Futurecasting is a dicey business. My generation was told that technology would lead us to colonies on the moon in our lifetimes. But instead it has given us cat videos and the Kardashians on Instagram.

So while fluid cooling has been talked about an awful lot, and the breakthroughs predicted by many in the industry still haven’t arrived, systems continue to be developed and chips are getting hotter. So it seems logical that a tipping point will eventually arrive.

On the other hand, there could be a breakthrough at the micro-level and just as CMOS replaced bipolar, a new computing technology may emerge which will reset the cooling clock.

Regardless of what the future may hold, as a designer you should be aware of the possibilities and design accordingly today. ES

 

Bibliography

ASHRAE. 2015. Thermal Guidelines for Data Processing Environments. Atlanta: American Society of Heating, Refrigerating and Air-Conditioning Engineers.

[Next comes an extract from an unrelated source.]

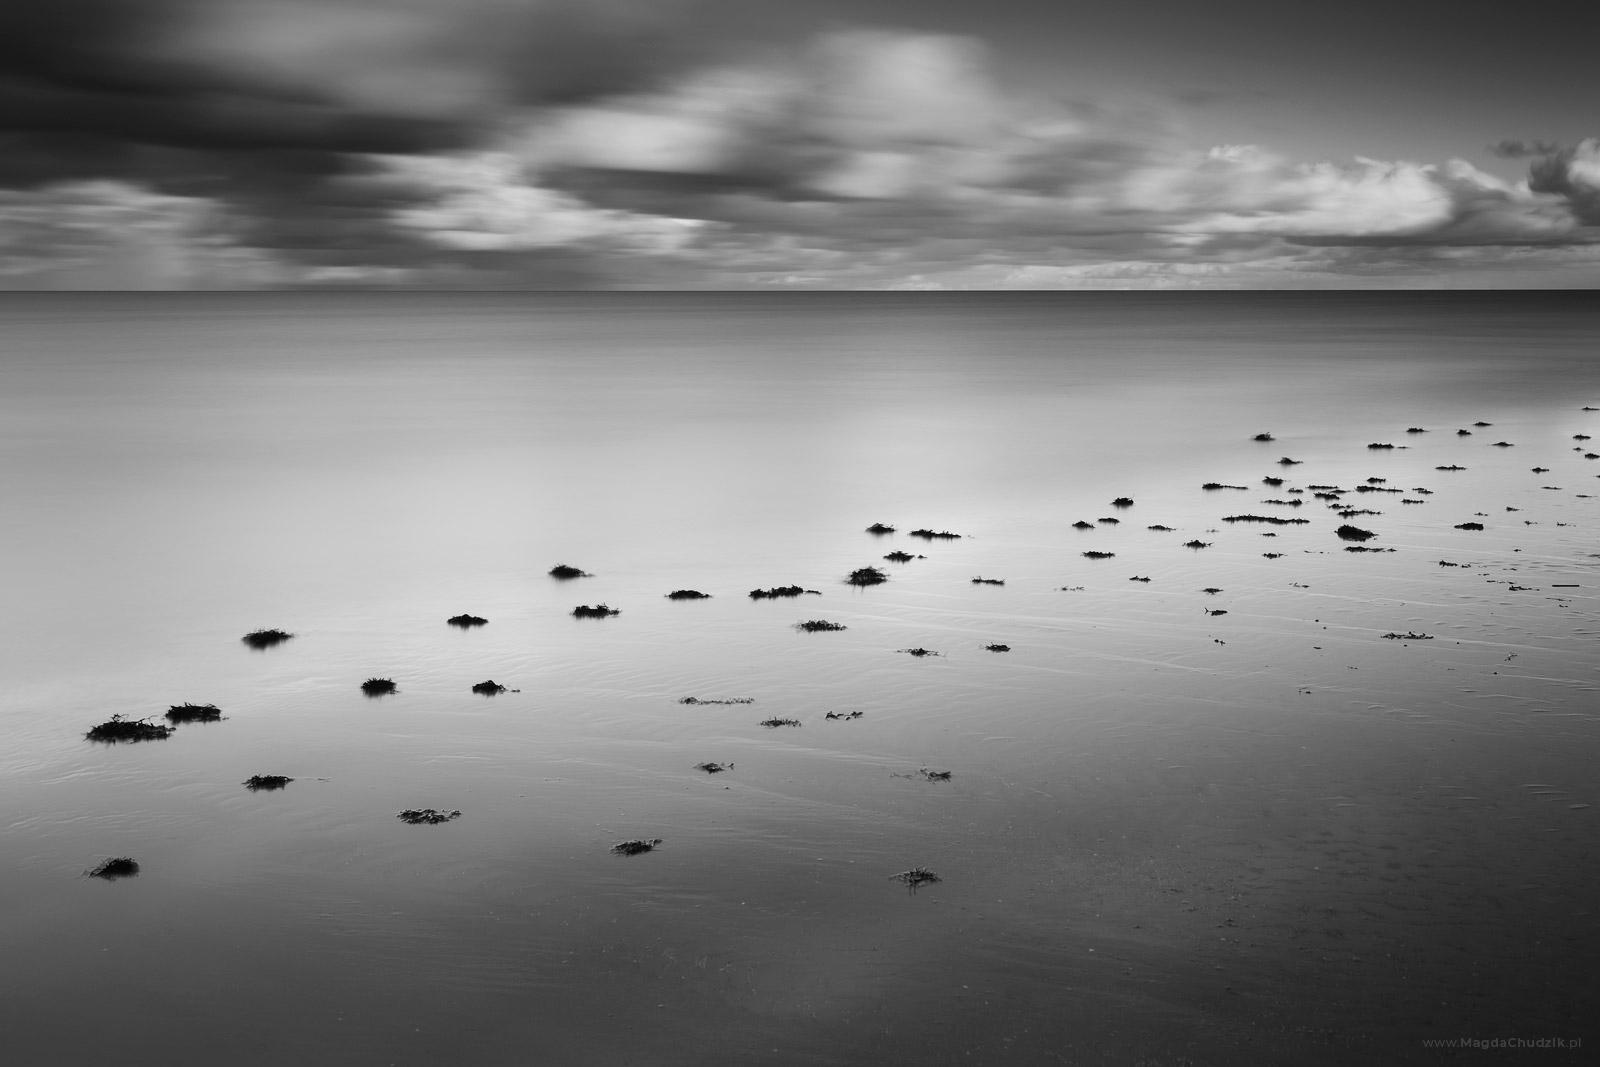 magda-chudzik-black-and-white-landscape-photography-67

ASHRAE. 2012. Datacom Equipment Power Trends and Cooling Applications. Atlanta: American Society of Heating, Refrigerating and Air-Conditioning Engineers.

ASHRAE. 2013. Liquid Cooling Guidelines for Datacom Equipment Centers. Atlanta: American Society of Heating, Refrigerating and Air-Conditioning Engineers.

 

References

 1 Chu, R.C.; Simons, R.E.; Ellsworth, M.J.; Schmidt, R.R.; Cozzolino, V., “Review of cooling technologies for computer products,” Device and Materials Reliability, IEEE Transactions on , vol.4, no.4, pp.568,585, Dec. 2004.